What’s left? Venezuela and Ecuador


Quick: when you think of a leftist or progressive movement or the ideology generally, what do you think of? As someone who considers himself of the left, I think of greater state involvement in the economy to better re-distribute wealth and improve social safety nets; I think of support for minority groups and the disenfranchised; and I think of greater protections for social rights and groups.

Original text by Christopher Sabatini in:

Yet, in the countries many like to label leftist or socialist—President Nicolás Maduro’s Venezuela and President Rafael Correa’s Ecuador—only the first really applies, and in Venezuela, increasingly less so.

So, why do observers and the media continue to label Maduro or Correa leftists? I suppose it’s because those leaders themselves call themselves that. But let’s look at the facts.

First, there’s the issue of Indigenous rights: the rights of the historically disenfranchised and exploited native populations in Latin America going back to colonial times—a legacy that endures today. Increasingly, international law is defining one of the principal rights of the Indigenous their collective right over property what is referred to in the region as the right of “consulta previa” or previous and informed consent.

Which governments do you think have signed on to and acted to enforce international conventions to protect the rights of the Indigenous to be consulted when a policy or investment affects their collective, cultural rights over property? The-self proclaimed leftist regimes of Venezuela and Ecuador? Nope. Instead it has been “neo-liberal” governments of Peru, Chile, and Colombia (the latter of which even extended those rights to Afro-descendant communities) that have signed and pro-actively developed regulations to govern Indigenous rights for consultation over land.

In contrast, President Correa remains engaged in an epic battle with Indigenous communities in Ecuador over their water rights and a series of investments he has allowed in natural resources to foreign investors, with some even accusing him of genocide. In Venezuela, the rush to exploit the country’s oil sands have brought the government into conflict with Indigenous communities.   Neither of these countries has signed the international agreement that sets out rights of consulta previa (International Labour Organisation Convention 169) nor do they seem even remotely committed to its principles. Yet, the “neo-liberal” countries of Colombia, Chile, and Peru have.

Let’s take another example: Lesbian, Gay, Bisexual and Transgender (LGBT) rights. In the left-progressive movement in the developed and developing world this has become a defining issue. Unfortunately the memo about the new strategy never made it to the self-proclaimed progressive south.

Though the plight of the two political prisoners in Venezuela, Leopoldo Lopez and Antonio Ledezma, has received a great deal of international attention, there is also Rosmit Mantilla, a Venezuelan LGBT activist, who was arrested last May and remains in prison. But beyond Rosmit’s case there has been a pattern of hateful, anti-gay language, as when President Maduro has called opposition leader Henrique Capriles a “maricon” (faggot).

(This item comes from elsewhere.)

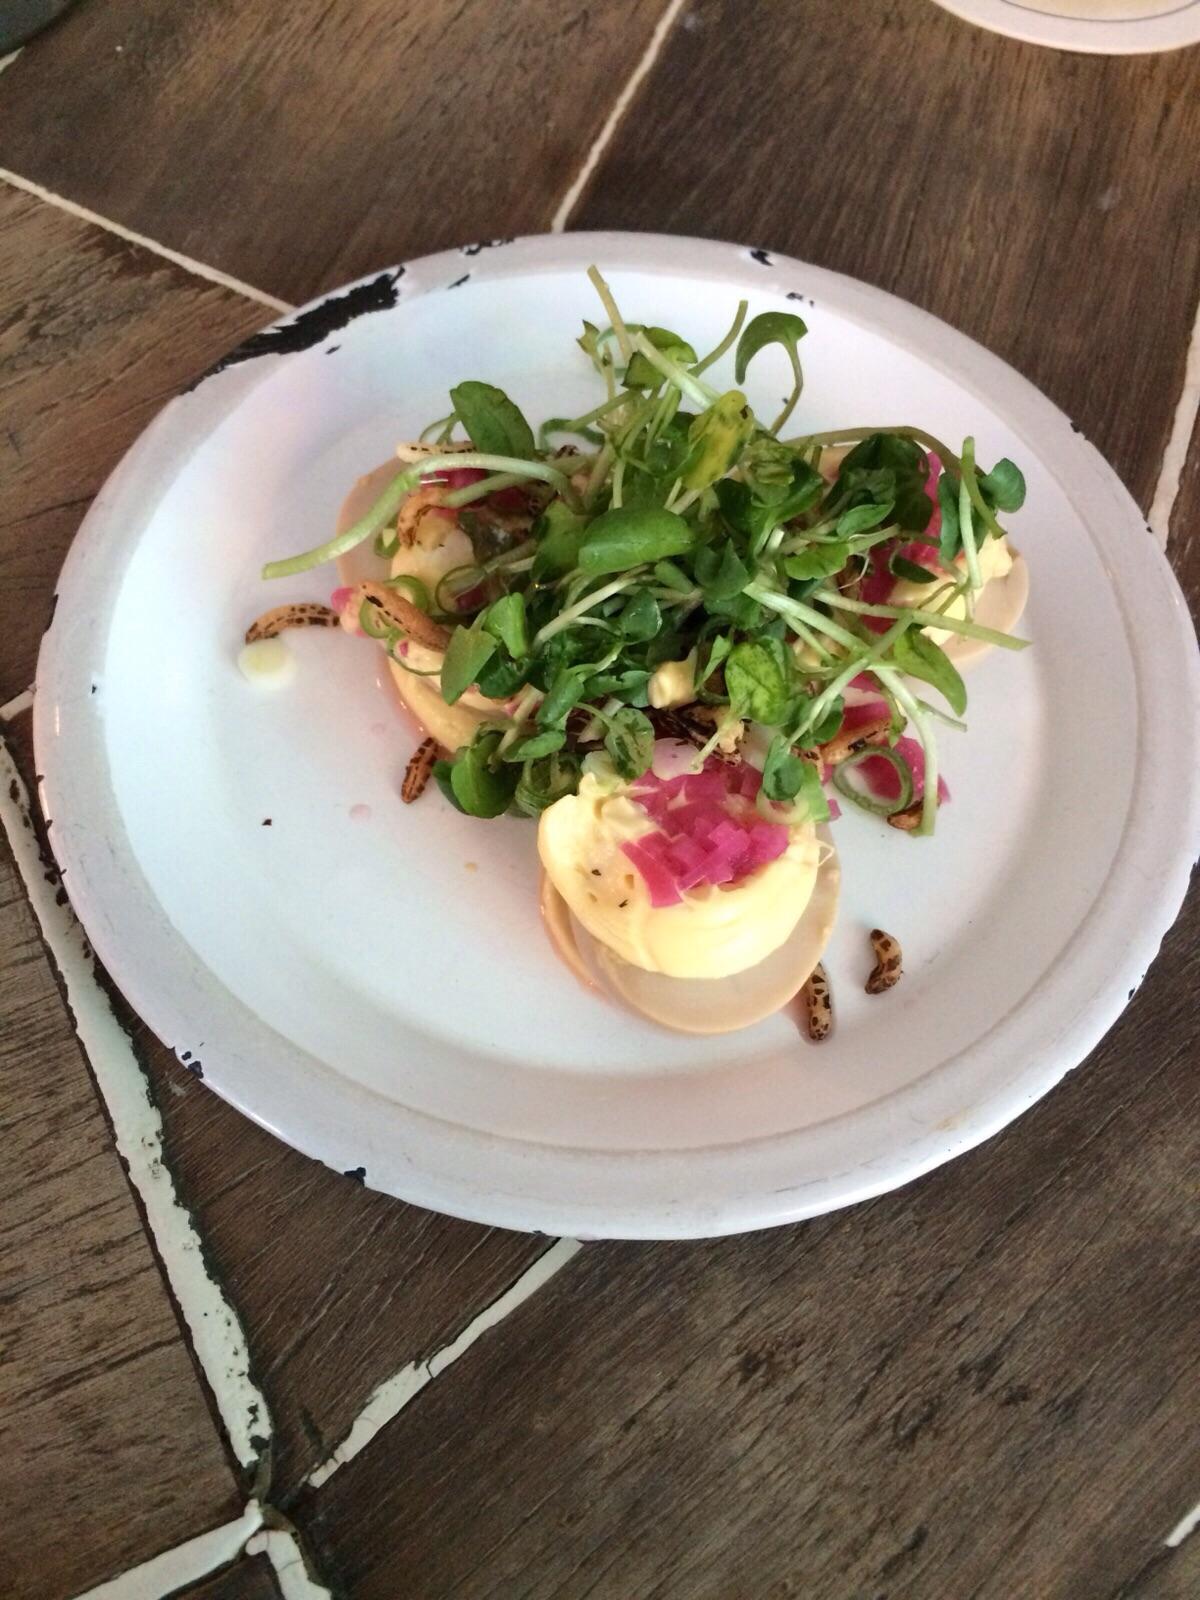 mary celeste devilled eggs

That’s not progressive; it’s downright retrograde.

Or—to take the case of another government that is often labeled leftist—when President Evo Morales openly speculated in 2010 that the use of hormones in chicken has led to an outbreak of homosexuality and baldness.

Then there’s the issue of economic re-distribution to the poor. Yes, it is true that the Venezuelan government turned the windfall of historically high oil prices into a spigot directed to the poor, lavishing them with subsidized food, health care, educational programs of questionable worth and reduced poverty.

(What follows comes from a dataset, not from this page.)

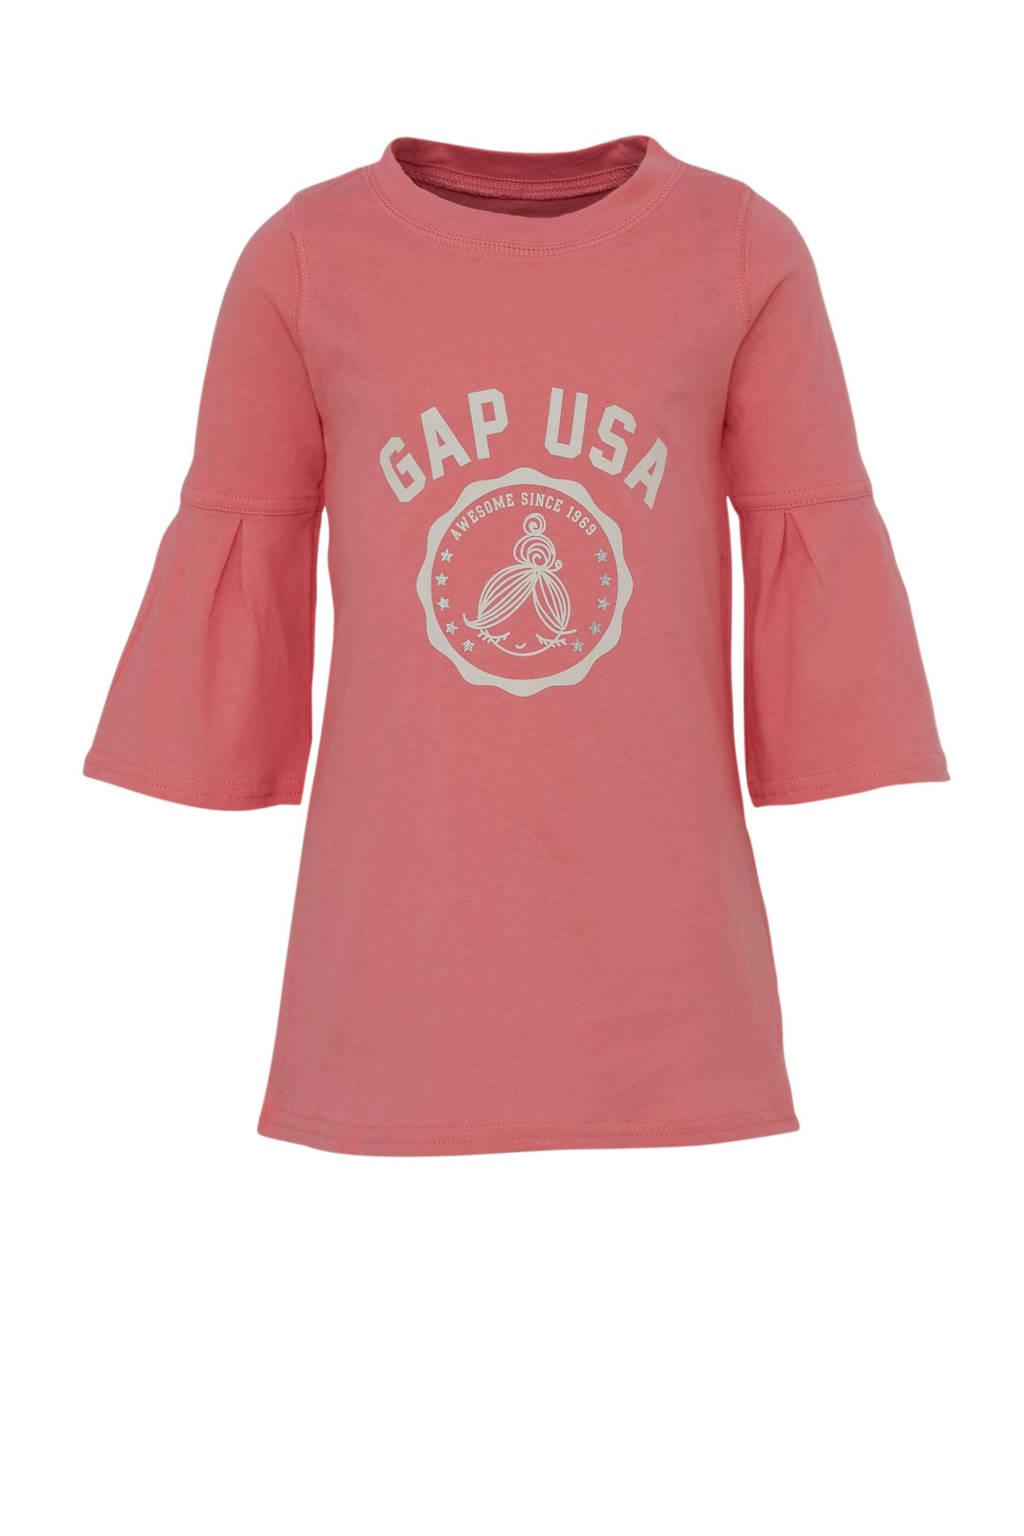 GAP jersey jurk met logo roze, Roze

But today in Venezuela, food shortages and near hyper-inflationary levels (expected to reach 200% this year) are eating into the living standards of the poor, and will quite likely wipe out the gains of the heady days of skyrocketing oil prices. And while not as extreme, even Ecuador is looking at declining growth, partially a result of its excessive reliance on natural resource exports.

In the meantime, Chile, Peru, and even Colombia under former President Alvaro Uribe—for all the other problems—have in the past decades scored a series of gains in sustainably reducing poverty and providing social mobility. Oddly enough, despite their ultimately pro-poor and, even in some cases, re-distributionist policies, only a few (Ricardo Lagos and Michelle Bachelet of Chile) are referred to as the left.

Lost in all the facile labeling of Maduro and Correa as leftists is a simple fact: simply pumping money to the poor doesn’t make you socialist or even a leftist. It makes you a populist (and profligate).

A credible, ideological metric, though, never seems apply to Latin America. So as a result, anyone who declares themselves a socialist gets labeled so in popular media, despite that they exhibit none of the characteristics of the modern progressive left.   Have they championed the rights of minorities and excluded groups? Have they helped improve the lives of the poor in terms of security and sustainable social mobility?

No? No problem, as long as you declare yourself a socialist.

Did I ever mention I’m a male model?